En yüksek obezite oranlarına sahip ülkeler Güney Pasifik'te kümelenme eğilimindedir; Kiribati ve Tonga, %67 ile 2035 tahmini obezite oranlarında dünyada başı çekerken, onları %66 ile Samoa, %65 ile Fransız Polinezyası ve %64 ile Mikronezya takip etmektedir.
ABD, %58'lik bir oranla en üst sıralarda yer almaktadır. En düşük tahmini obezite oranları Asya'da bulunmaktadır; Vietnam %7 ile, onu %8 ile Japonya, %9 ile Singapur ve %11 ile Hindistan ve Bangladeş takip etmektedir.
Özellikle büyüyen salgından etkilenecek olan 5-19 yaş arası çocuklar olacak. Bu yaş grubunda obezite oranlarının iki katına çıkması, erkeklerde %10'dan %20'ye, kızlarda ise %8'den %18'e çıkması bekleniyor.
Obezite oranlarının nispeten düşük tahmin edildiği Güneydoğu Asya'da bile, en genç kohortta kilo alımının önemli olması, erkeklerde obezite oranlarının %5'ten %16'ya, kızlarda ise %3'ten %11'e çıkması bekleniyor.
Güney Pasifik'te ise kötü bir sorun muhtemelen daha da kötüleşecek; erkek çocuklarında obezite oranının %19'dan %41'e, kız çocuklarında ise %9'dan %28'e çıkması bekleniyor.
Amerika kıtasında da obez erkek çocuklarının oranı %20'den %33'e, kız çocuklarında ise %16'dan %26'ya yükselecek.
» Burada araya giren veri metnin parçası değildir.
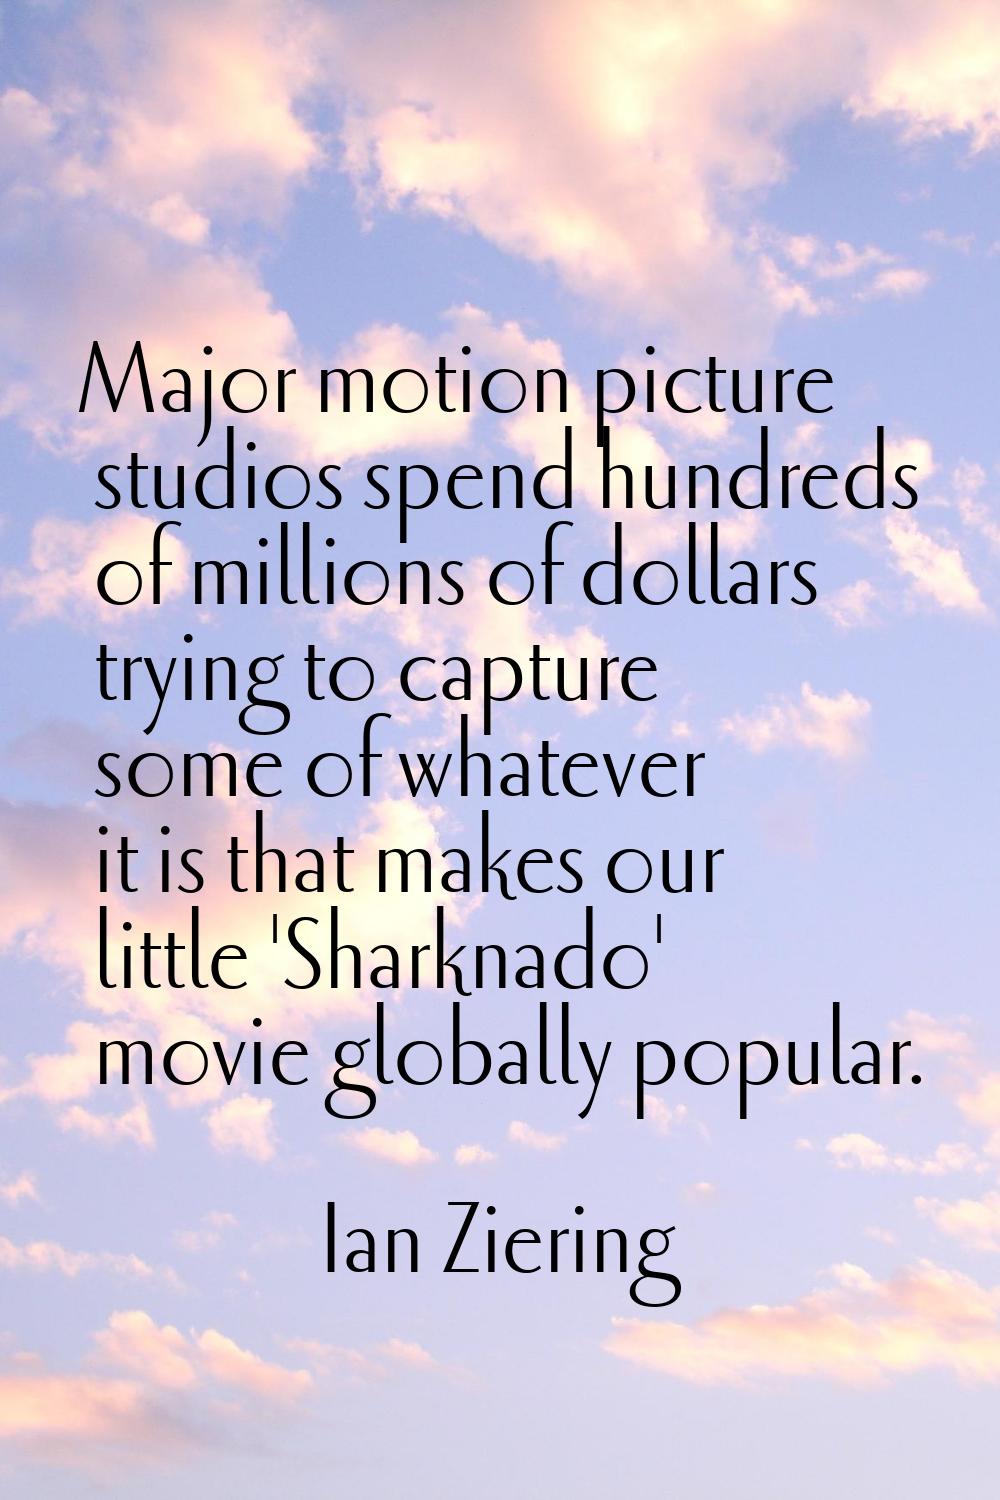 Major motion picture studios spend hundreds of millions of dollars trying to capture some of whatev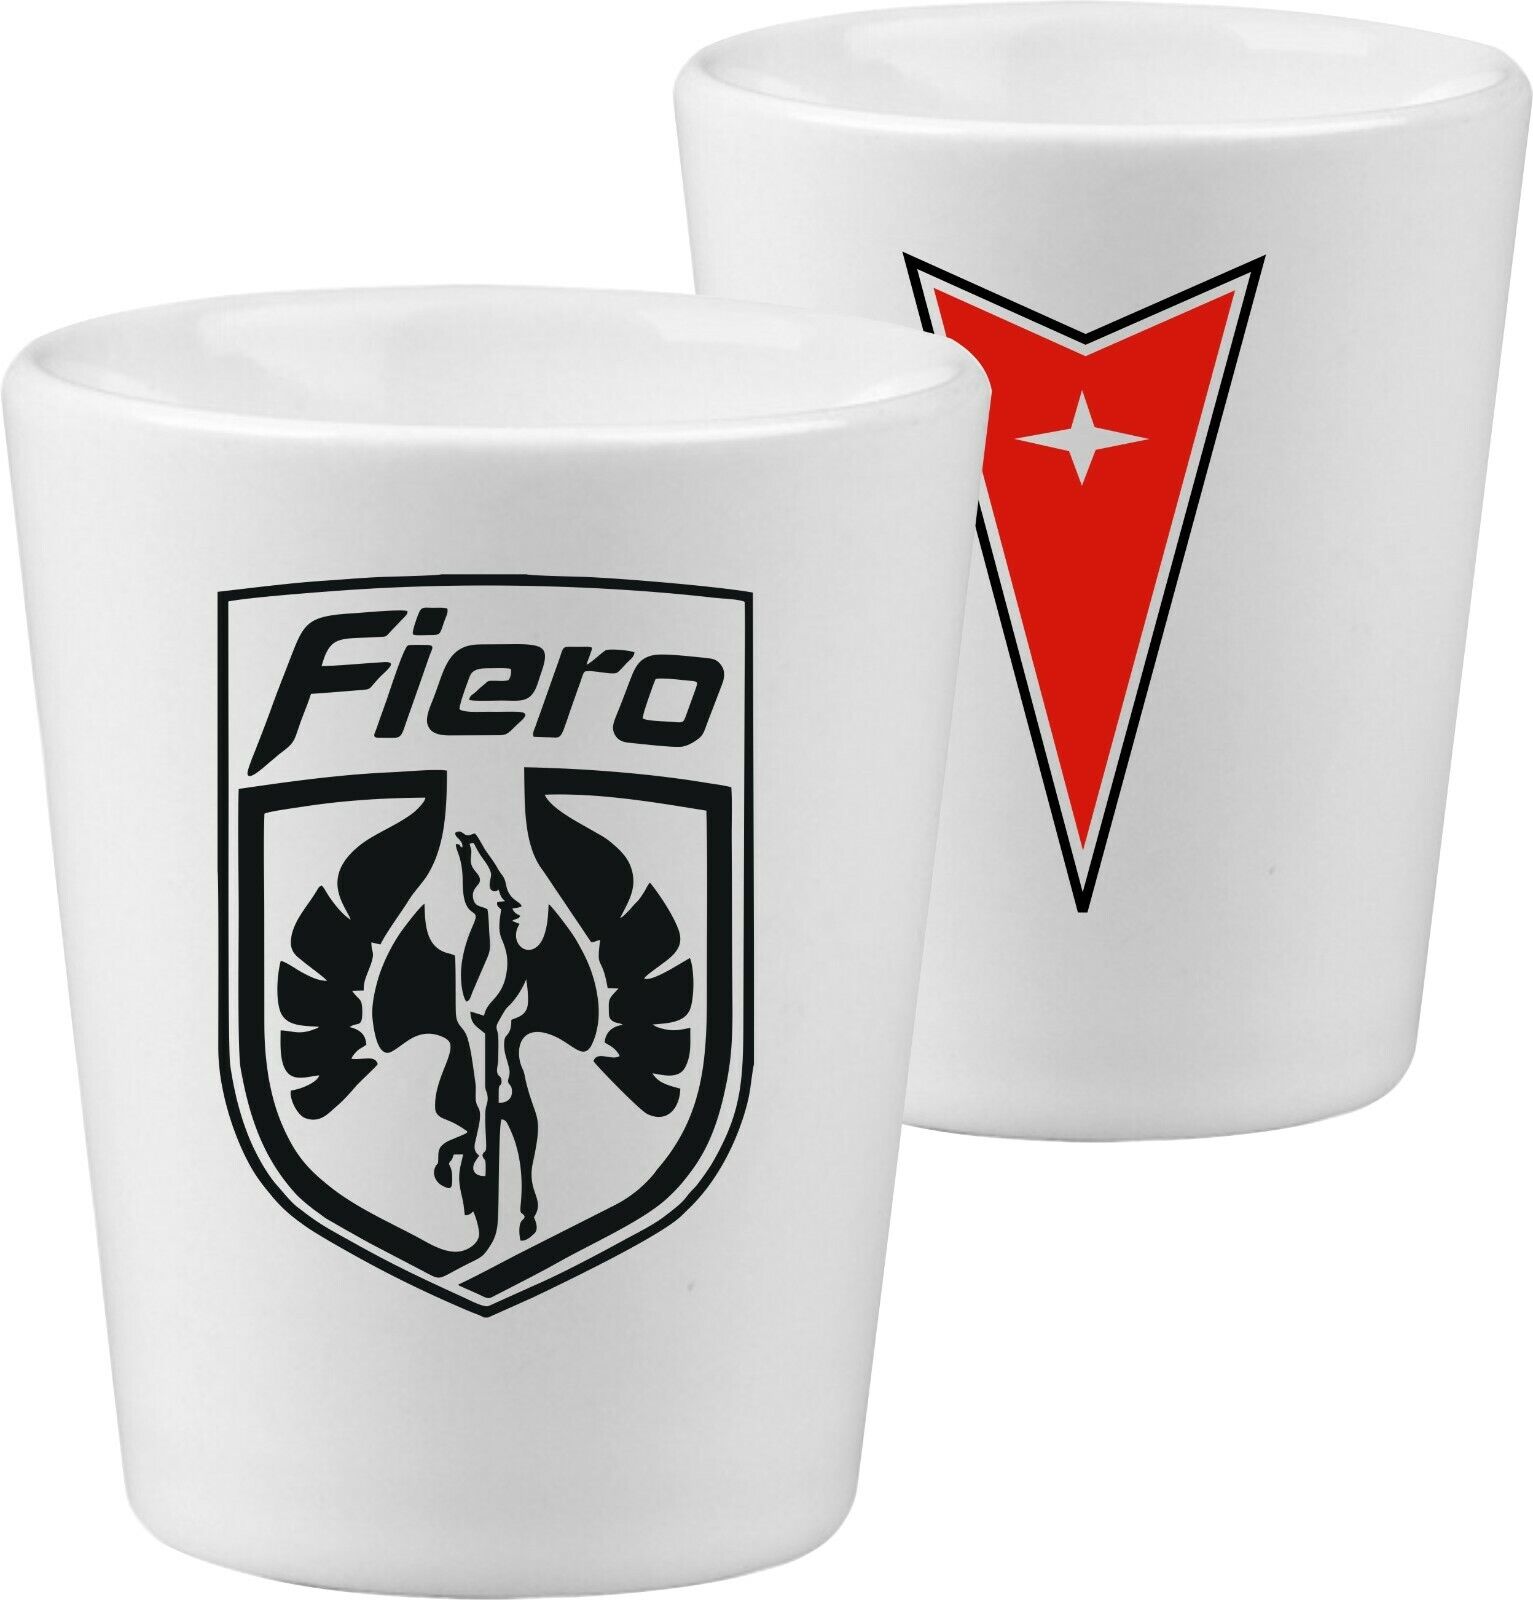 PONTIAC FIERO SHOT GLASS COLLECTION - NEW - 40% BIGGER GRAPHICS - MADE IN USA

WOA, ucuz ve aşırı işlenmiş Batı tarzı gıdaların küresel çapta artan popülaritesinin ötesinde, mevcut eğilimin birçok nedeni olduğunu öne sürüyor.
Ayrıca, endokrin bozucu olarak etki eden ve plastiklerde, gıda ambalajlarında, ev mobilyalarında, boyalarda, kozmetiklerde ve daha birçok şeyde bulunan bisfenol A (BPA) gibi sözde obeziteye neden olan kimyasal kirleticiler de sorumlu.
Obeziteye neden olan maddeler ve kötü beslenme bir araya geldiğinde işler daha da kötüye gidiyor.
Raporda, "Küresel çapta, özellikle de düşük-orta gelirli ülkelerde ultra işlenmiş gıdaların artışı, [gıda ambalajlarındaki] plastik bazlı ürünlerin ve plastik atıkların artmasına neden olabilir.
Buna karşılık, obeziteye neden olan kirleticilere maruz kalma hızla artabilir." ifadeleri yer alıyor.
Bu, raporun cesaret kırıcı çıkarımının sadece bir kısmı. Yazarlar, "Her ulus obeziteden etkileniyor ve bazı düşük gelirli ülkeler son on yılda en yüksek artışları gösteriyor," diye yazıyor.
"Hiçbir ülke, nüfusun tamamında obezite yaygınlığında bir düşüş bildirmedi. Obezitenin önlenmesi ve tedavisi finansal yatırım gerektirse de, obeziteyi önleme ve tedavi etmemenin maliyeti çok daha yüksek olacaktır."
İşte sizi obeziteden koruyacak bazı maddeler...
Günde 3 ana öğün + 0-1 ara öğün kuralını ömür boyu uygulayın
(Atıştırmalık yok, gece yemeği yok, 3 öğün yeter.)
Her tabağın yarısını sebzeyle doldurun
(Et, makarna, pilav ne olursa olsun önce bol salata/sebze.)
Şekerli içeceği tamamen kesin
(Kola, meyve suyu, ice tea, enerji içeceği, soda bile yasak – sadece su, sade maden suyu, şekersiz çay/kahve.)
Unlu gıdayı günlük 1-2 dilim ekmek veya yerine geçecek kadarla sınırlayın
(Beyaz ekmek, simit, poğaça, börek, makarna, pirinç pilavı toplamı haftada 7-10 dilimi geçmesin.)
Haftada en az 150 dakika hızlı tempolu yürüyüş veya spor yapın
(Günde 30-40 dakika tempolu yürüyüş bile yeterli olur.)
Her gün tartılın ve kiloyu 2-3 kg artınca hemen alarm verin
(Kilo 3 kg artarsa 1 hafta çok sıkı rejimle geri alın – böylece obeziteye kaymazsınız.)